**Supplied data:**

=-=-=

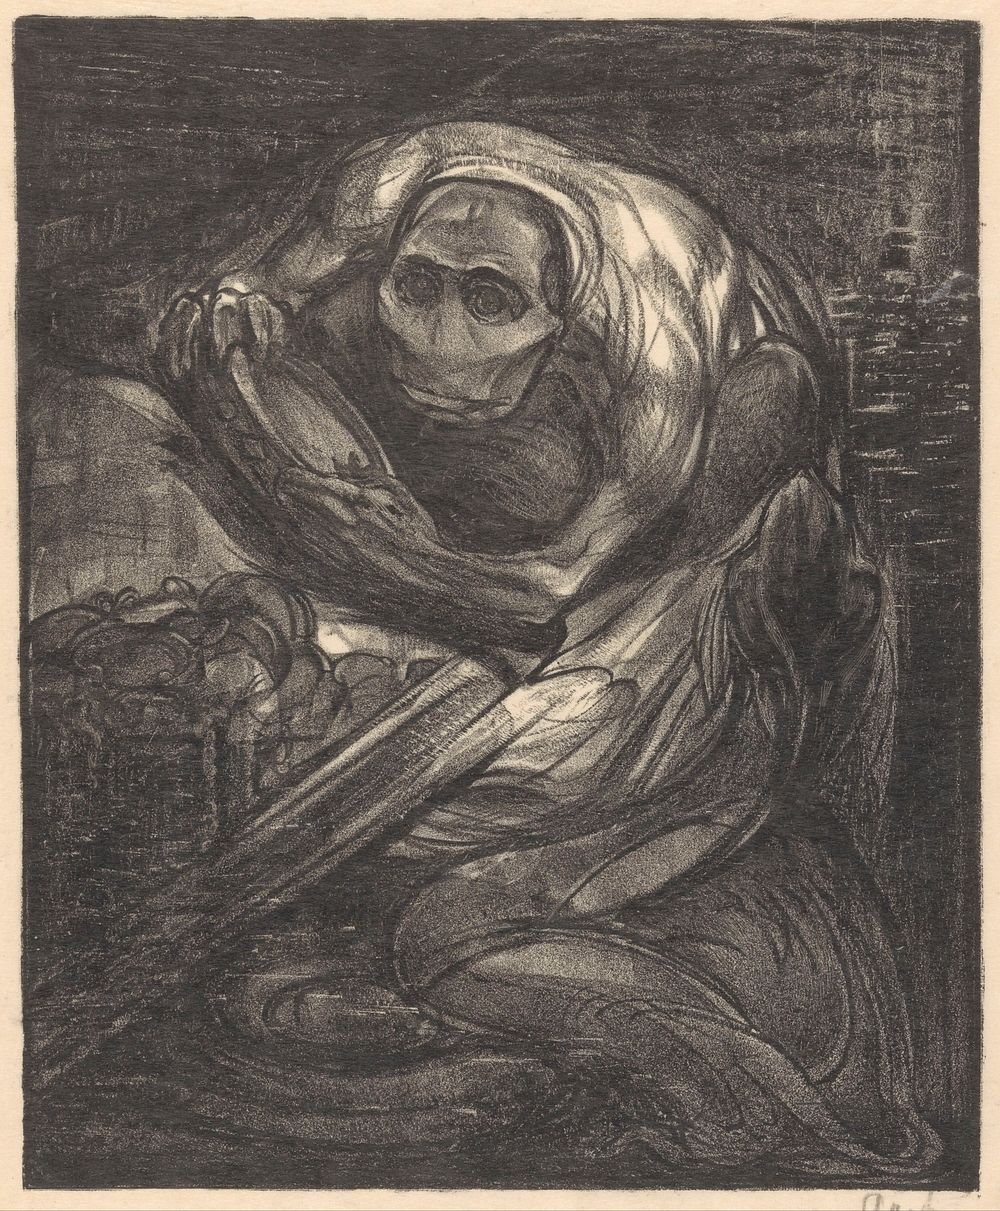 Monster met schaal (1881 - 1934) by Johannes Josephus Aarts
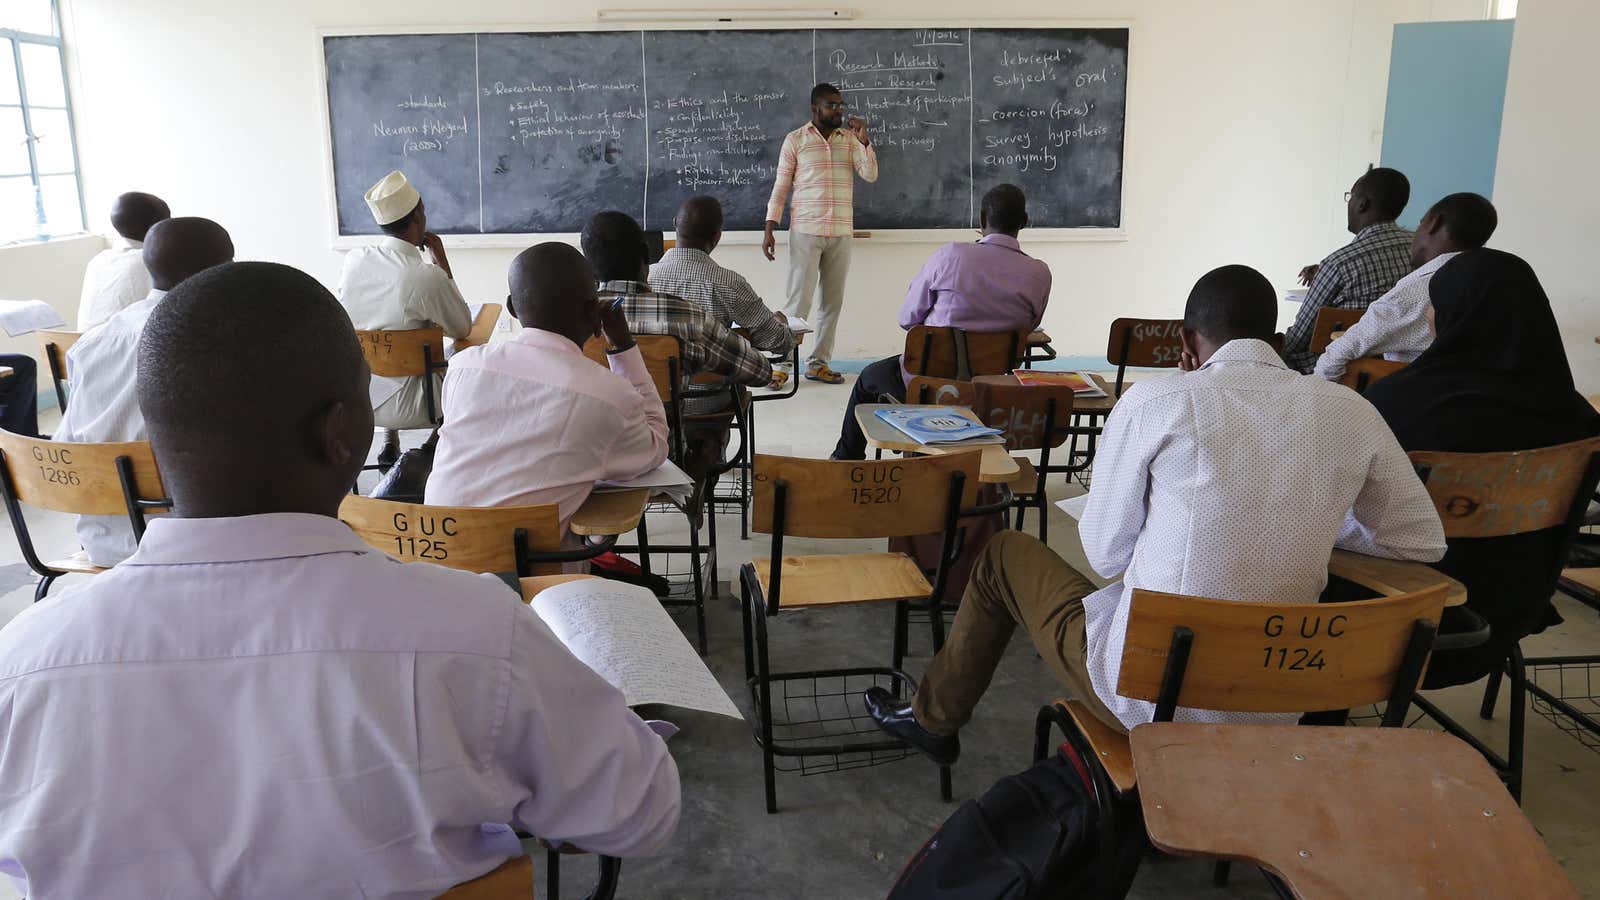 Students in Kenya
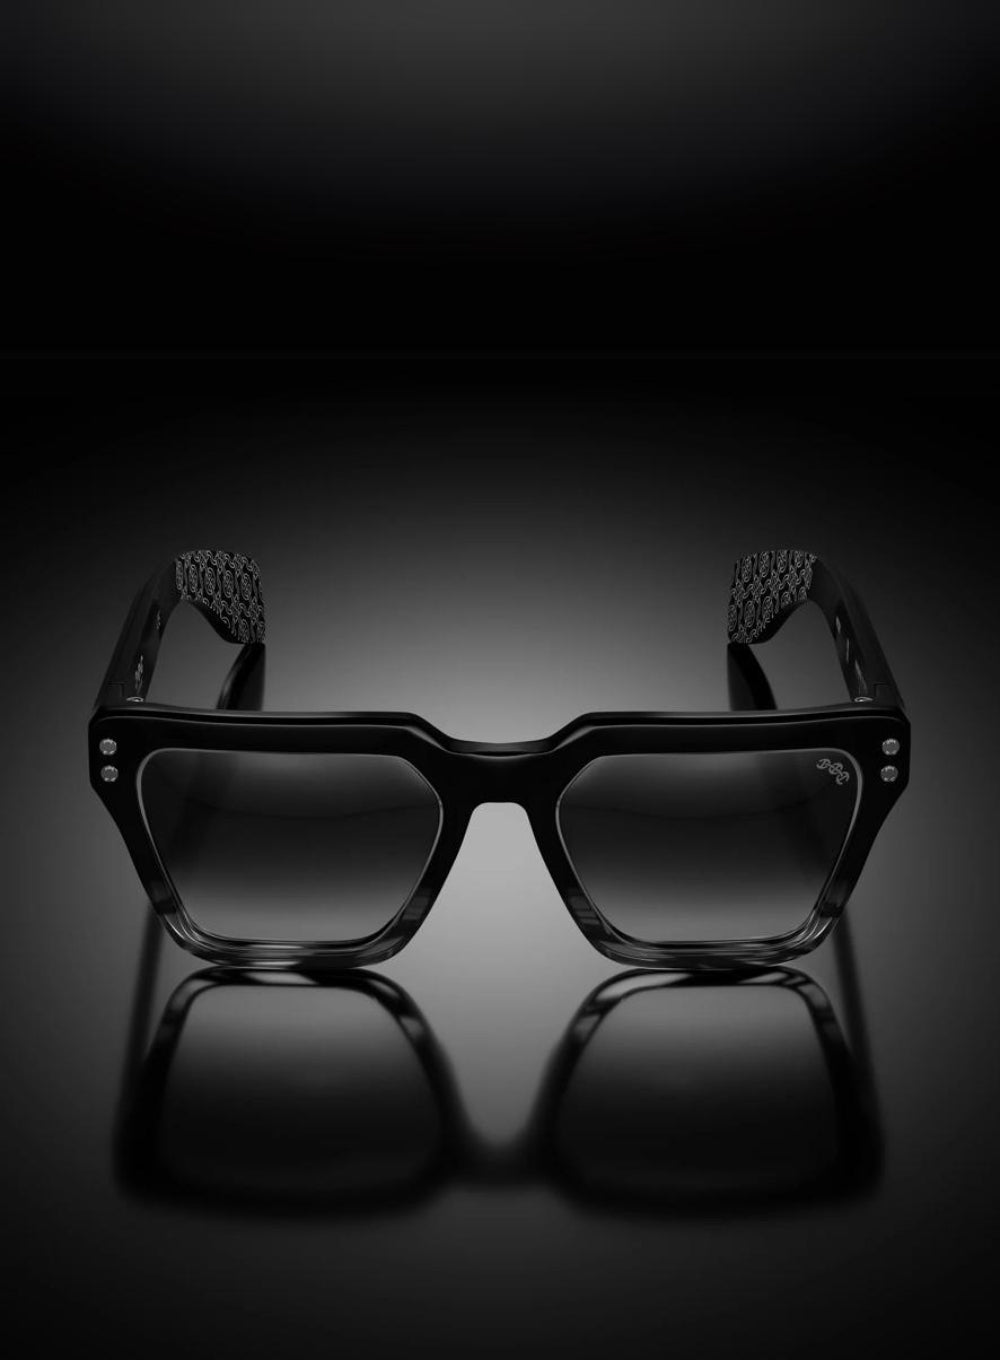 HOORSENBUHS | Model X Black & Grey Tortoise Frame Sunglasses
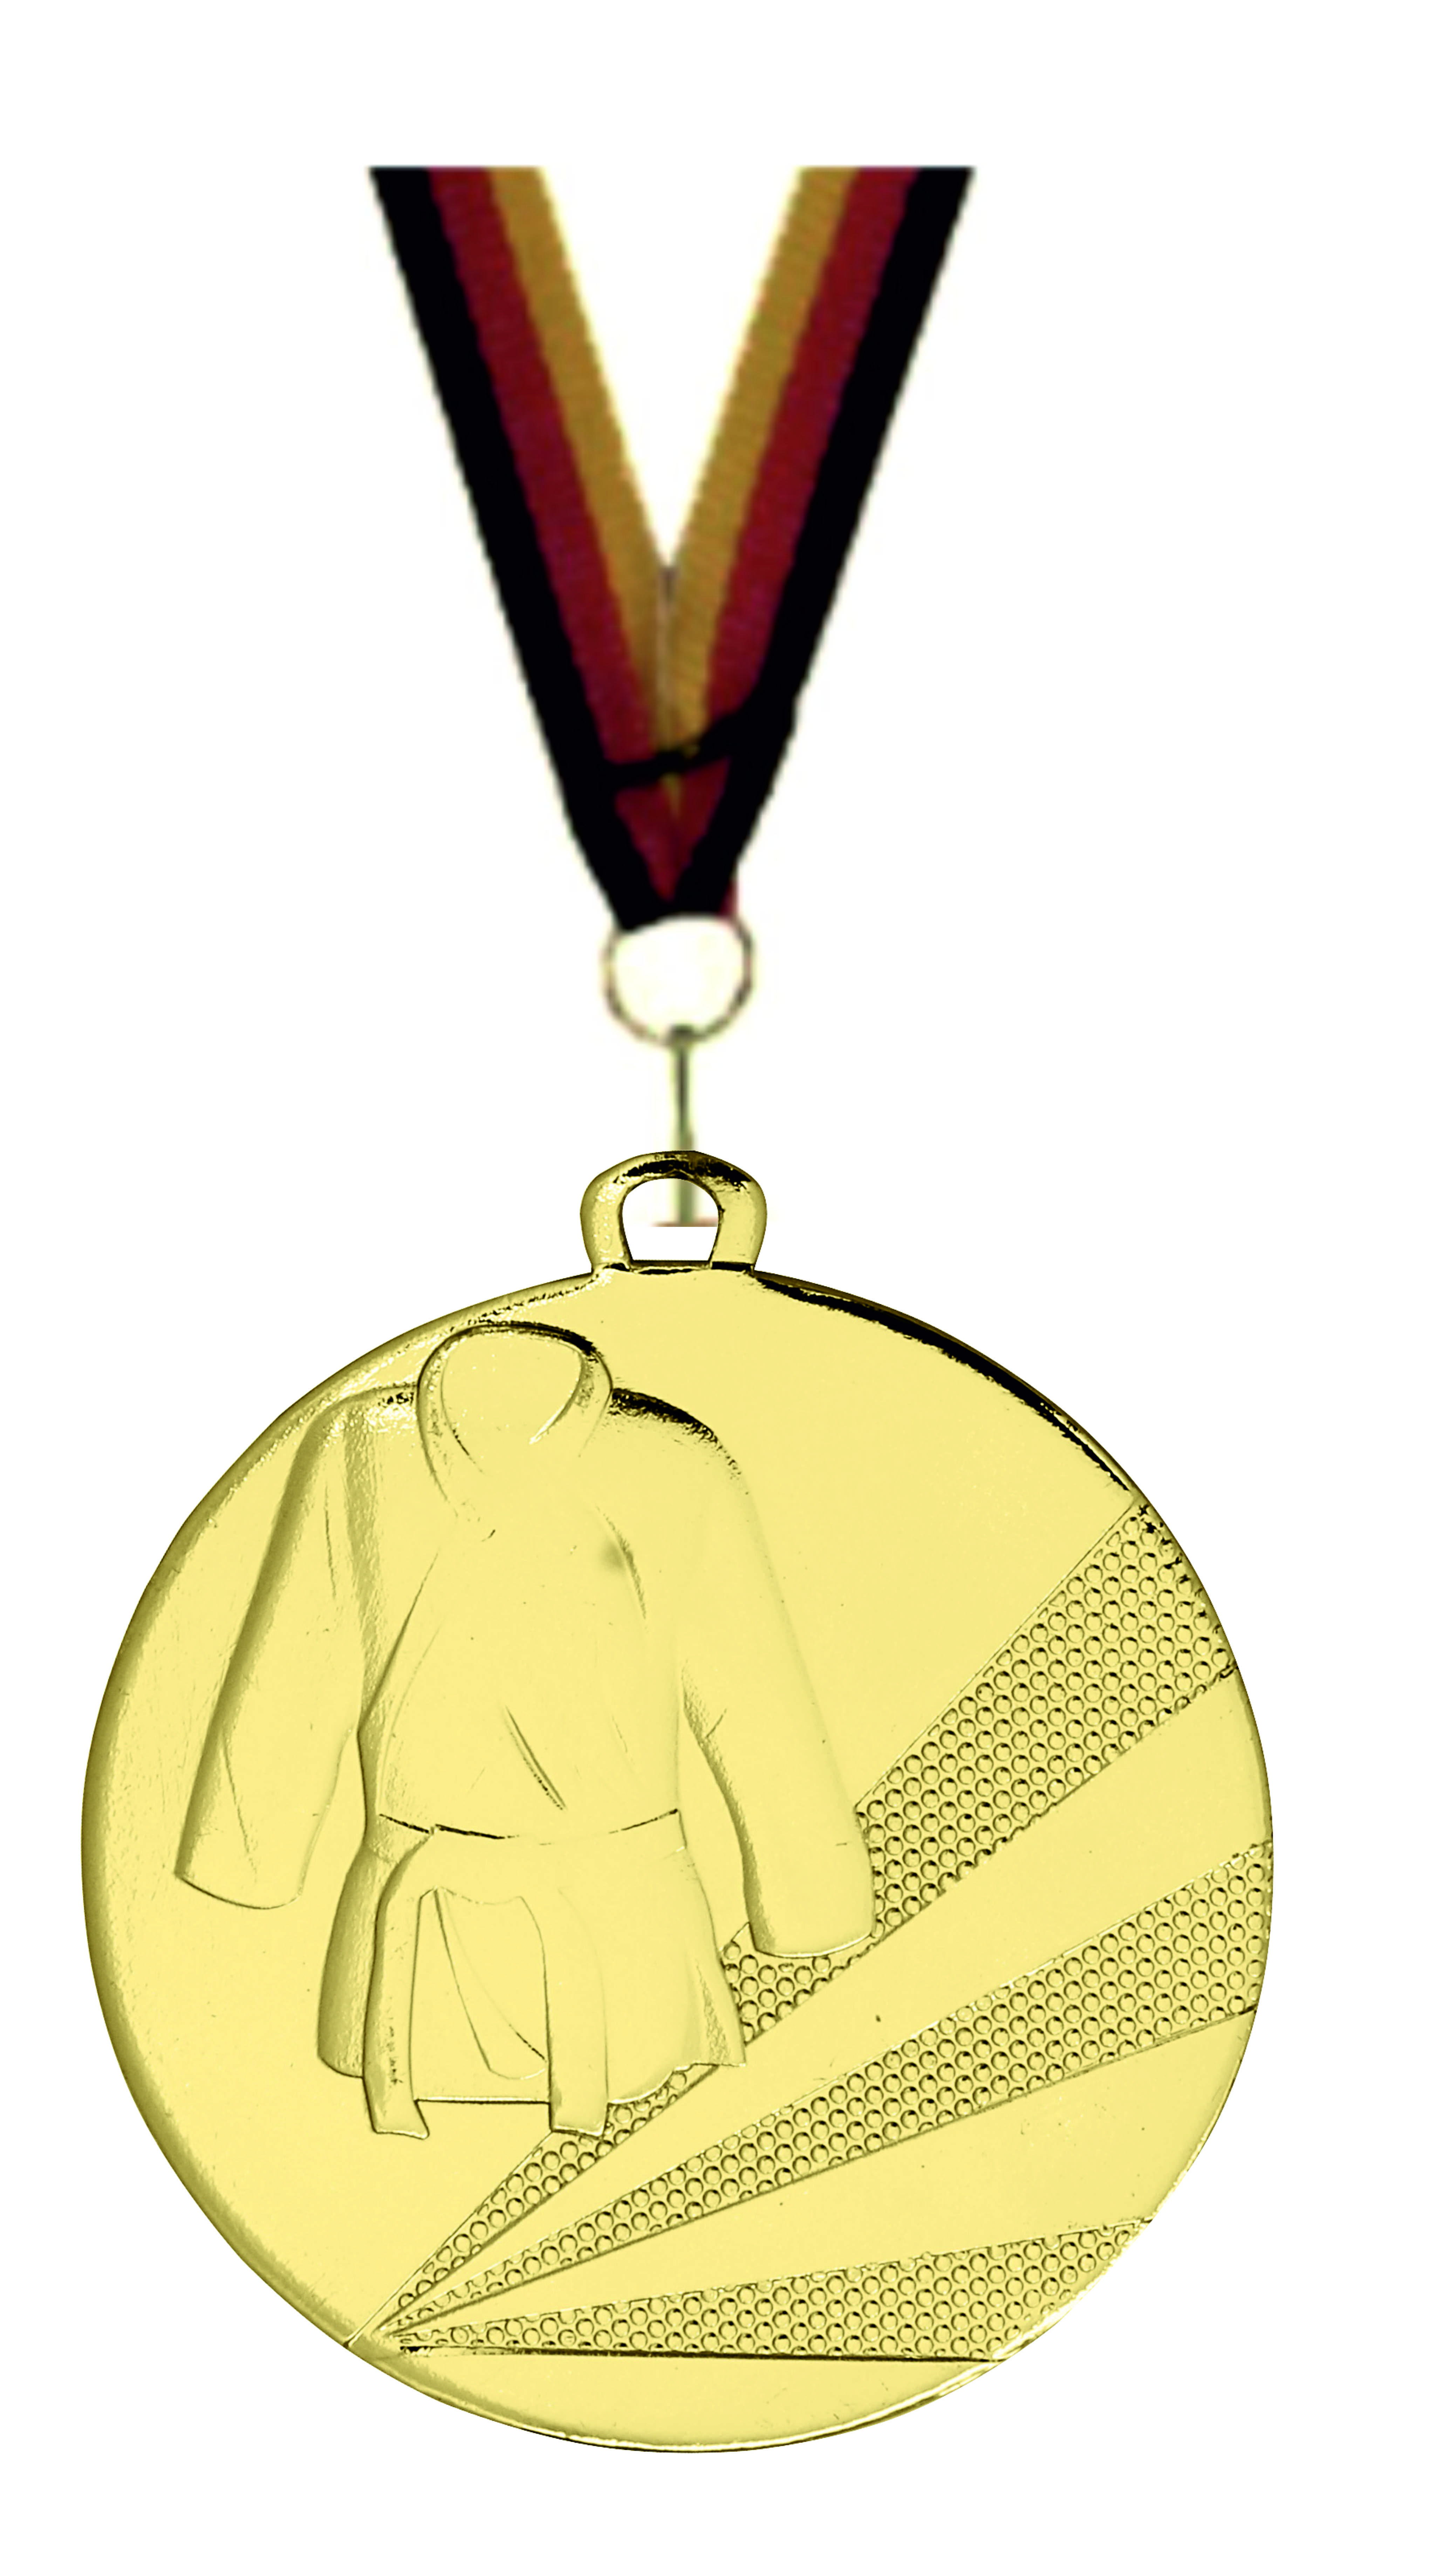 Judo-Kampfsport-Medaille D112D inkl. Band u. Beschriftung Gold Fertig montiert gegen Aufpreis

=-=-=

**What the exercise asks:** Each line above should be written out again unchanged; no images are to be carried over.

**Answer to this task:**
 Monster met schaal (1881 - 1934) by Johannes Josephus Aarts
 Students in Kenya
 HOORSENBUHS | Model X Black & Grey Tortoise Frame Sunglasses
 Judo-Kampfsport-Medaille D112D inkl. Band u. Beschriftung Gold Fertig montiert gegen Aufpreis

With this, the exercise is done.